SoylentNews is people

Meta
posted by janrinok on Sunday July 03 2022, @03:30PM   Printer-friendly
from the lets-see-what-happens-here dept.

I realise that this has been an unpleasant time for many of our anonymous community members, but I can assure you that it has been necessary. I am not yet prepared to go into details but I can at least update you with our findings so far. But first we have to look at some historical data.
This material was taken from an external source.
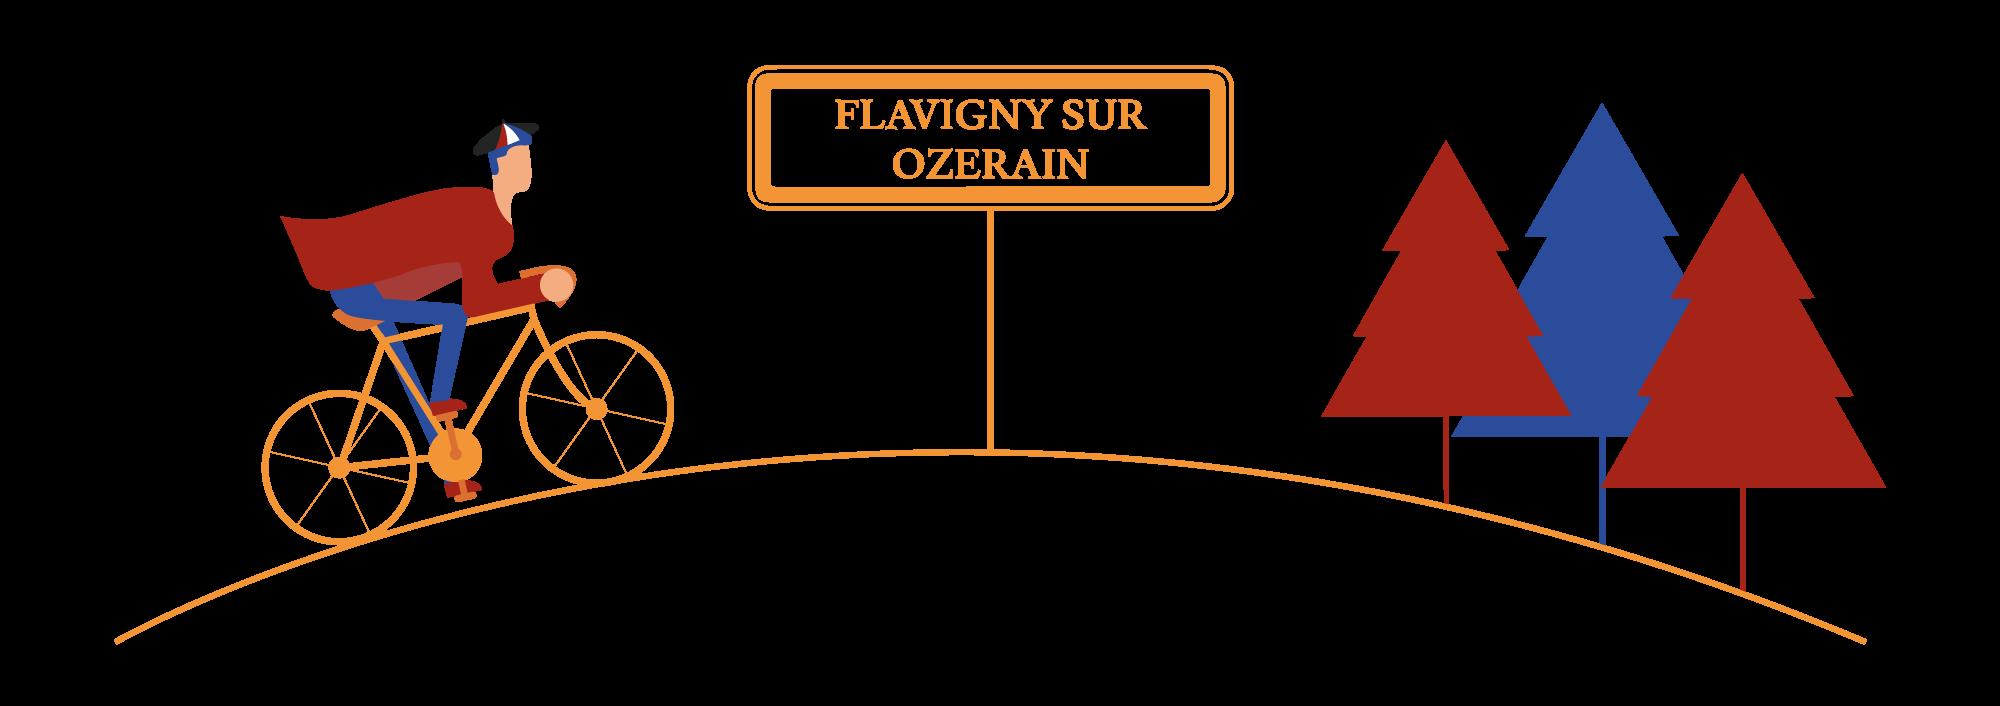 Spécialités de Flavigny-sur-Ozerain

Anonymous Cowards (ACs) have always been - and will hopefully continue to be - welcome members of our community. There are many perfectly understandable reasons for wishing to post as AC and how you chose to live your own personal life is of no concern of this site. Equally, you are welcome to use VPNs and other security measures to protect your privacy. We take similar measures to protect all of your data so that you will not be compromised by us. These measures are effective and to the SN administration ACs appear as a single user with the user identity of #1.

We cannot treat some ACs differently from others. While we can manage to sort out your comments etc with the aid of the hashes that we produce, they change so frequently as to be useless for any purpose outside of this site. But the Administration is only concerned with what happens within this site and so this point is moot. We have no interest in the rest of the internet so IP addresses are also of no interest to us. How your comments get from wherever you are to us is irrelevant. The bottom line is that ACs can only be treated as a single account. That account is granted certain permissions or not granted those permissions and they apply to every AC interaction.

Most of our community, both logged in and AC, participate in the discussions in an reasonable manner and discuss the topic that has been outlined and any threads that resulting from it. It is true that, particularly at weekends, there is a slight increase in the number of ACs appearing but on their own they are little more than a minor irritant. There is, however, a 3rd group, consisting of ACs who sole purpose seems to be to derail any sensible discussion. Over recent years they have become more aggressive and often use personal attacks rather than challenging what is being said. Some are more obvious than others and I am sure that you can all think of examples of such people for yourself. A very small number have stated that it is their aim to prevent SoylentNews from continuing.

On 22 Jun of this year we received an implied threat (https://soylentnews.org/comments.pl?noupdate=1&sid=49894&page=1&cid=1254201) suggesting the the person making it had a target date of 6 July for some event or other. It is possible that this is related to another 'prophecy' in which this individual foretold that the site would soon be dead. We believe that we can identify the person making that threat with a reasonable degree of certainty. However, since that time the number of ad-hominem attacks has increased and we have also been subjected to increasing amounts of spam. In small amounts either or both of these things can be shrugged of, but when they come increasingly aggressive and frequent, they can make the entire experience of being in this community very unpleasant. I know that we have lost both staff and numerous community members because of this toxic atmosphere - and not, as some would have you believe, because we administer the site!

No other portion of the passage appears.